The analysis revealed a variety of differences between the way that scientists and scientific communicators go about engaging with evidence, even when drawing from the same literature. Importantly, science communicators often project their biases onto scientific evidence, distorting findings to fit their preconceived notions. For instance, anti-mask scientific communicators frequently employ selective and deceptive quoting of scientific work and criticize opposing research. This group of people is made up of “an informal coalition of conspiracy theorists, creators on alternative media platforms, and others who have previously shared false theories about climate change, the benefits of vaccination, the existence of mass shootings, HIV/AIDS, abortion, the reality of the moon landing, and a variety of other topics.” But citing scientific work, even if misrepresented, adds a veneer of legitimacy to claims about mask efficacy, emphasizing that selective reporting and communication styles have a profound impact on shaping online scientific consensus, contributing to opposition and divisiveness no matter what the actual evidence says.
This may cause “familiar anxiety” to scientists, say the researchers, since “it can suggest that mainstream scientific consensus is non-objective and thus potentially just as untrustworthy as alternative consensuses.” These findings also challenge the popular notion of "prebunking," which attempts to inoculate audiences against misinformation. The researchers find that “unfortunately, charismatic disinformers also inoculate their readers with critical citations of otherwise widely trusted research.” They admit that scientific communicators that share information counter to the scientific consensus are often much more successful, at least when it comes to
In the end, these researchers put the onus on scientists and publishers to work harder, and to recognize that the evidence produced by the scientific process does not reach the public unmediated. Designing their communications with the realities of the current information ecosystem in mind, dominated as it is by social media, may help lead more people to trust the consensus formed by knowledge-producing institutions, even if they aren’t perfect.
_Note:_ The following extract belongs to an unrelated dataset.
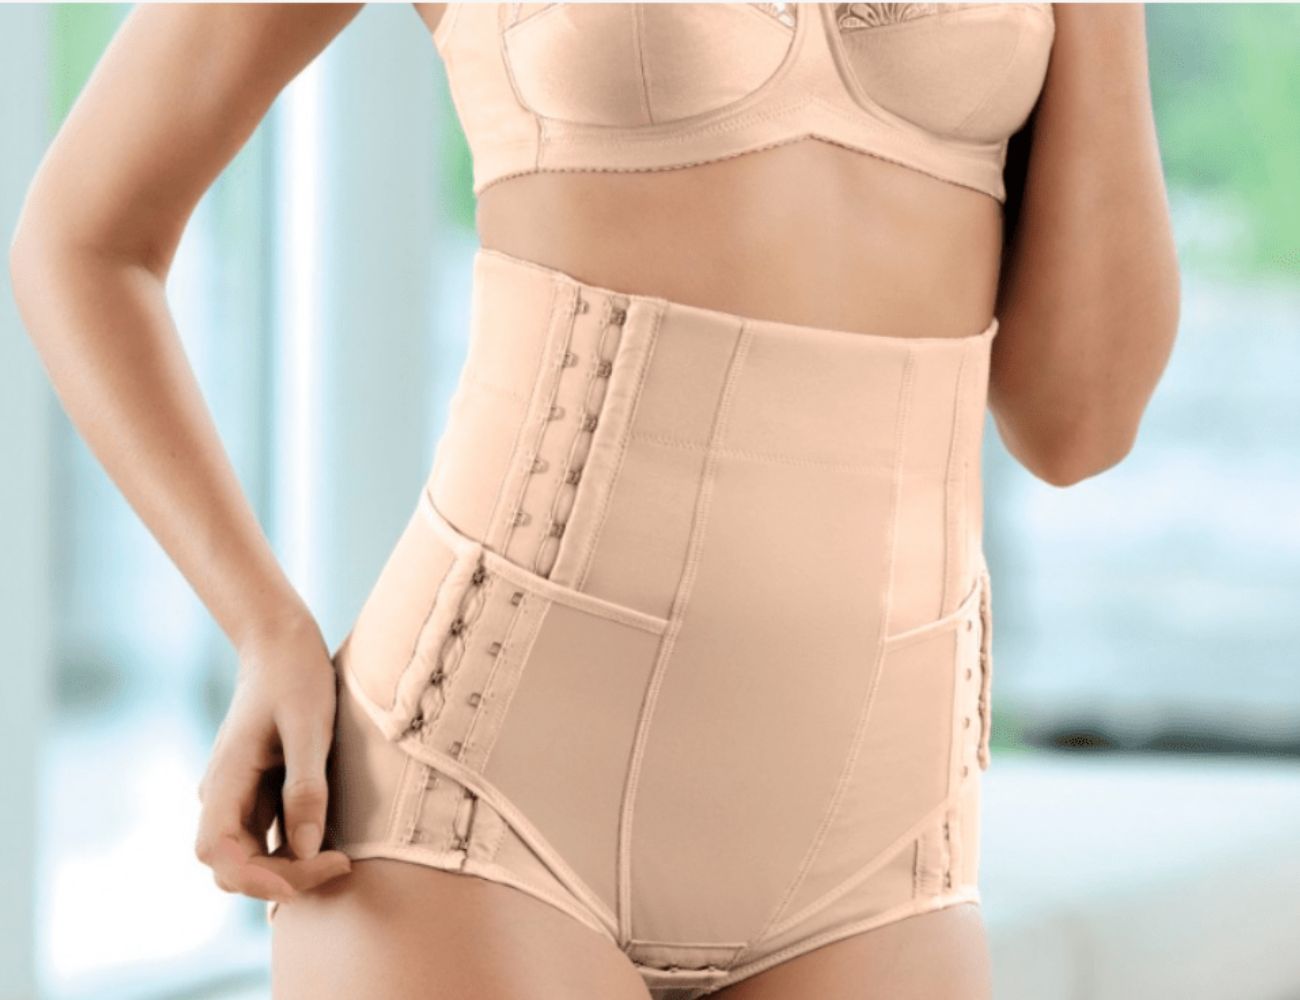 Find Cheap, Fashionable and Slimming c section girdle

These findings resonate with another recent study conducted by researchers in New York University’s Department of Psychology and the Kellogg School of Management at Northwestern. This study explored user perceptions of viral social media content. The research indicates that divisive, emotionally charged, and even misinformation-laden content tends to go viral, despite users recognizing that it shouldn't. This phenomenon can be attributed to psychological factors like negativity bias.
But the conclusion of this study, titled “People think that social media platforms do (but should not) amplify divisive content,” is that the onus should be on platforms to “amplify accurate, educational, and nuanced content” as opposed to false and negative content. Doing so would be more in line with the stated preferences of users, who appear to be aware of the negative effects of social media even if such awareness does not necessarily translate to their online behavior.
Taken together, these findings underscore the need for a deeper understanding of the role of social media in amplifying false, misleading, and divisive content, and the complex interaction between different components and players in the information ecosystem. Whether we can recalibrate that ecosystem to produce a fact-driven consensus on issues such as public health, climate, and more, will remain to be seen.